Tow further developed the gallery look by replacing the original ornate ceiling mouldings with a plainer substitute. The apartment's marble fireplaces, another Art Deco flourish, were felt to be integral to its period character and were retained.

Given the eclectic nature of the art collection, Tow opted for a plain colour scheme, choosing white paint with a slight grey hue for the foyer, dining room and living room.

"The homeowners selected the sculptures and paintings on the basis of the artistic integrity of each object and not as a cohesive series. It is important to present them as individual pieces, and this is best achieved using a neutral background that does not distract the eye or complement one piece more than another," says Tow.

The discreet colour scheme extends to the new furnishings and the neutral woollen drapes. Tow admits the drapes would look out of place in a gallery, but says they are a necessary concession to everyday living.

The homeowners acquired much of the furniture on their travels, each piece chosen to reflect the era in which the apartment was built. Other furnishings were custom made to 1930s designs. The black lacquer stools in the living room and den are by Viennese designer Joseff Hoffman and date from the 1930s, while the sofas and armchairs are American made, but also date from the apartment's halcyon days. The four ebony tables were specially made as companion pieces to the period furniture.

In the living room, the horse-hair sofas were fabricated to a 1930s design by French designer Jean Michel Frank, while the extendable coffee table is Swedish and a 1930s original.

Perhaps as you would expect in a household which employs an art consultant, the floor coverings are themselves originals and worthy of aesthetic contemplation.
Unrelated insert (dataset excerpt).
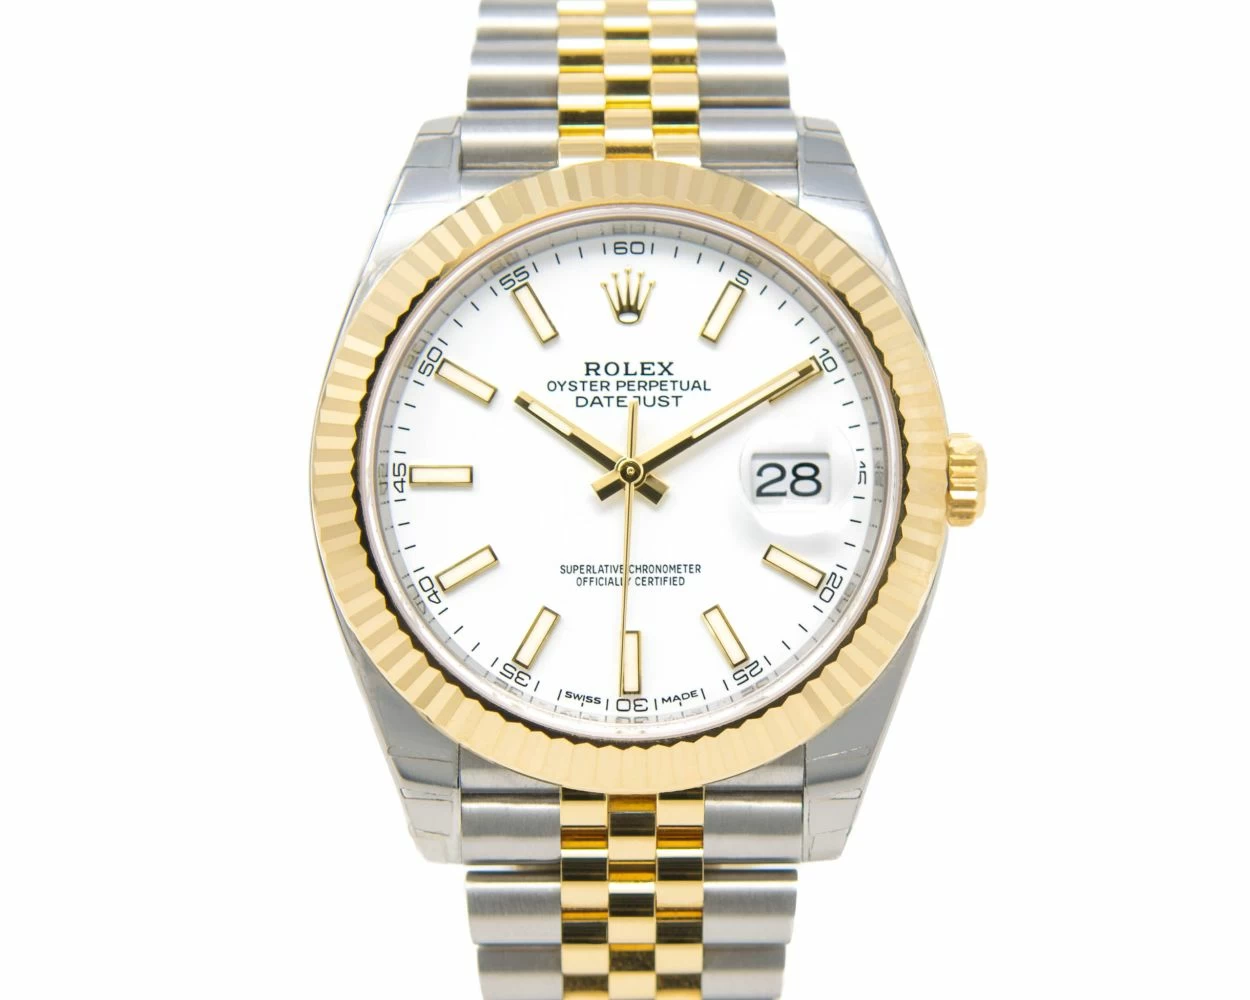 Rolex Datejust 41mm 126333 Stainless Steel & Yellow Gold Watch

The rugs are antique and of Middle Eastern origin, with the exception of the blue Imperial Chinese carpet in the living room. The carpets sectionalise the apartment into distinct areas and provide a splash of colour where it does not detract from the artwork. The original dark walnut flooring throws their intricate designs into sharp relief.

Tow's interior includes an array of features to enhance the display of artwork. An Arakawa picture-hanging system allows the position of the paintings to be adjusted laterally and vertically and dispenses with the need for nails.

Lighting the art was a paramount consideration. Each room has a bank of multi-directional, recessed lights, which can be adjusted to alter mood and focus.

In the dining room, a light fixture above the extendable table is new, but similar to a vintage Art Deco design.

The original kitchen was designed for use by servants, and was functional with scant regard paid to the design. The current owners entertain frequently and needed a practical kitchen that would meet their aesthetic expectations.

"The kitchen gets a lot of use. It needed a clean, modern and luxurious look, which has been achieved using teak veneer cabinetry with sleek Art Deco lines," says Tow.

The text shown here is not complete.